These examples illustrate some of the factors that a user might take into account when selecting their observing condition constraints:

  1. Example - NIRI spectroscopy of an extended object
  2. Example - NIRI imaging of structure within an extended object

More information about how observing conditions affect dataquality is also available for the near-IR and mid-IR. In addition, (large ascii) files containing model high resolution spectra of the sky emission and transmission for a range of airmasses and water vapor columns are available for the near-IR and mid-IR.

 


 

Image Quality(non-AO) - MK and CP

2014A and before
 
Wavelength regime Constraint (at zenith)
20%-ile 70%-ile 85%-ile "any" (100%-ile)
U (0.365 µm)* 0.50
0.90
1.20
2.0
B (0.445 µm)* 0.45 0.85 1.15 1.95
V (0.5 µm) 0.45 0.80 1.10 1.90
R (0.658 µm) 0.45 0.75 1.05 1.80
I (0.806 µm)* 0.40 0.75 1.05 1.70
Z (0.900 µm)* 0.40 0.70 0.95 1.70
Y (1.02 µm)* 0.40 0.70 0.95 1.65
J (1.2 µm) 0.40 0.60 0.85 1.55
H (1.65µm)* 0.40 0.60 0.85 1.50
K (2.2 µm) 0.35 0.55 0.80 1.40
L (3.4 µm) 0.35 0.50 0.75 1.25
M (4.8 µm)* 0.35
0.50
0.70
1.15
N' (11.7 µm filter) 0.31-0.34 0.37 0.45 0.75
Q (18.3 µm filter) 0.49-0.54 0.49-0.54 0.49-0.54 0.85

 

2014B

Wavelength regime Constraint (at zenith)
20%-ile 70%-ile 85%-ile "any" (100%-ile)
u (0.350 µm)* 0.60#
0.90
1.20
2.0
g (0.475 µm) 0.60# 0.85 1.10 1.90
r (0.630 µm) 0.50# 0.75 1.05 1.80
i (0.780 µm)* 0.50# 0.75 1.05 1.70
Z (0.900 µm)* 0.50# 0.70 0.95 1.70
Y (1.02 µm)* 0.40 0.70 0.95 1.65
J (1.2 µm) 0.40 0.60 0.85 1.55
H (1.65µm)* 0.40 0.60 0.85 1.50
K (2.2 µm) 0.35 0.55 0.80 1.40
L (3.4 µm) 0.35 0.50 0.75 1.25
M (4.8 µm)* 0.35
0.50
0.70
1.15
N' (11.7 µm filter) 0.31-0.34 0.37 0.45 0.75
Q (18.3 µm filter) 0.49-0.54 0.49-0.54 0.49-0.54 0.85

Example interpretation of the table An image at K of a target at zenith would be expected to have a profile full width at half maximum of no more than 0.35 arcsec 20% of the time and no more than 0.55 arcsec 70% of the time.

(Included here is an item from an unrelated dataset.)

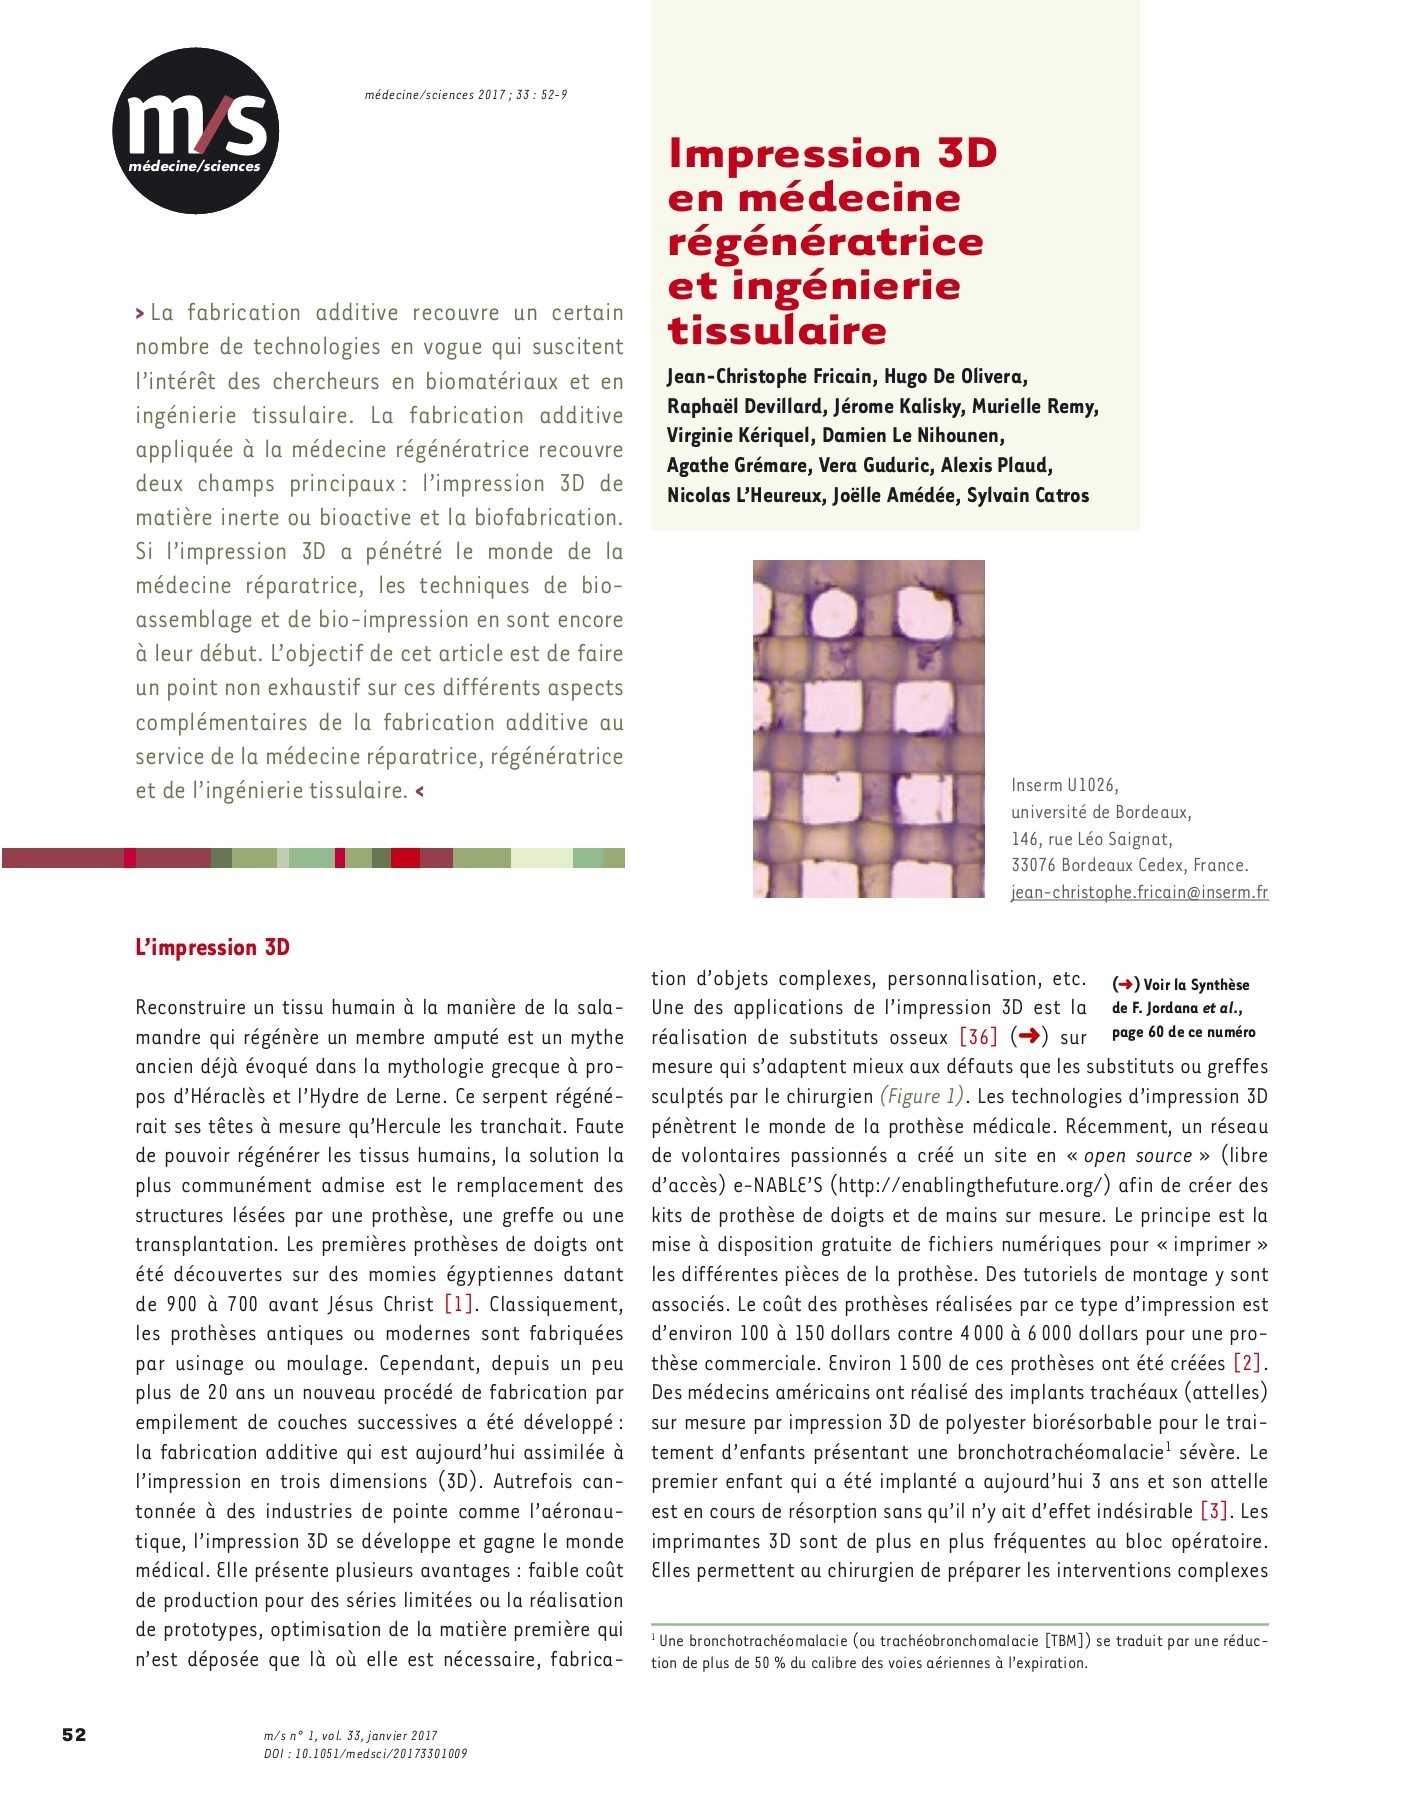 medecine sciences vol 33 n 1 janvier 2017 pages 51 100 text version fliphtml5

Please read the following essential notes:

  • Definition of values
    Numerical values in the constraint columns are the current measured delivered image quality, defined as the Full Width at Half Maximum (FWHM) in arc-seconds, of the radial profile of the image of a point source at the zenith, measured from the science instrument detector at the specified wavelength. The FWHM is equal to the 50% Encircled Energy Diameter for a Gaussian profile, but is typically 30% larger than the FWHM for the GMOS PSF. The model was adapted by Mark Chun from original Mathematica calculations by Charles Jenkins (see also Jenkins 1998, MNRAS, 294, 69) with a subsequent correction (in August 2002) by Phil Puxley to the extant seeing distribution.
    # IQ20 bin limits for u, g, r, i, and Z were changed in 2014B based on IQ statistics from GMOS images as measured by the data quality assessment pipeline.
    * Values for the marked bandpasses are interpolated or extrapolated from other values in the table. Note that the relevant parameter here is image quality and not simply seeing, that is, a wind speed distribution and the telescope performance (e.g. windshake and wavefront sensor performance) have been incorporated into the analysis.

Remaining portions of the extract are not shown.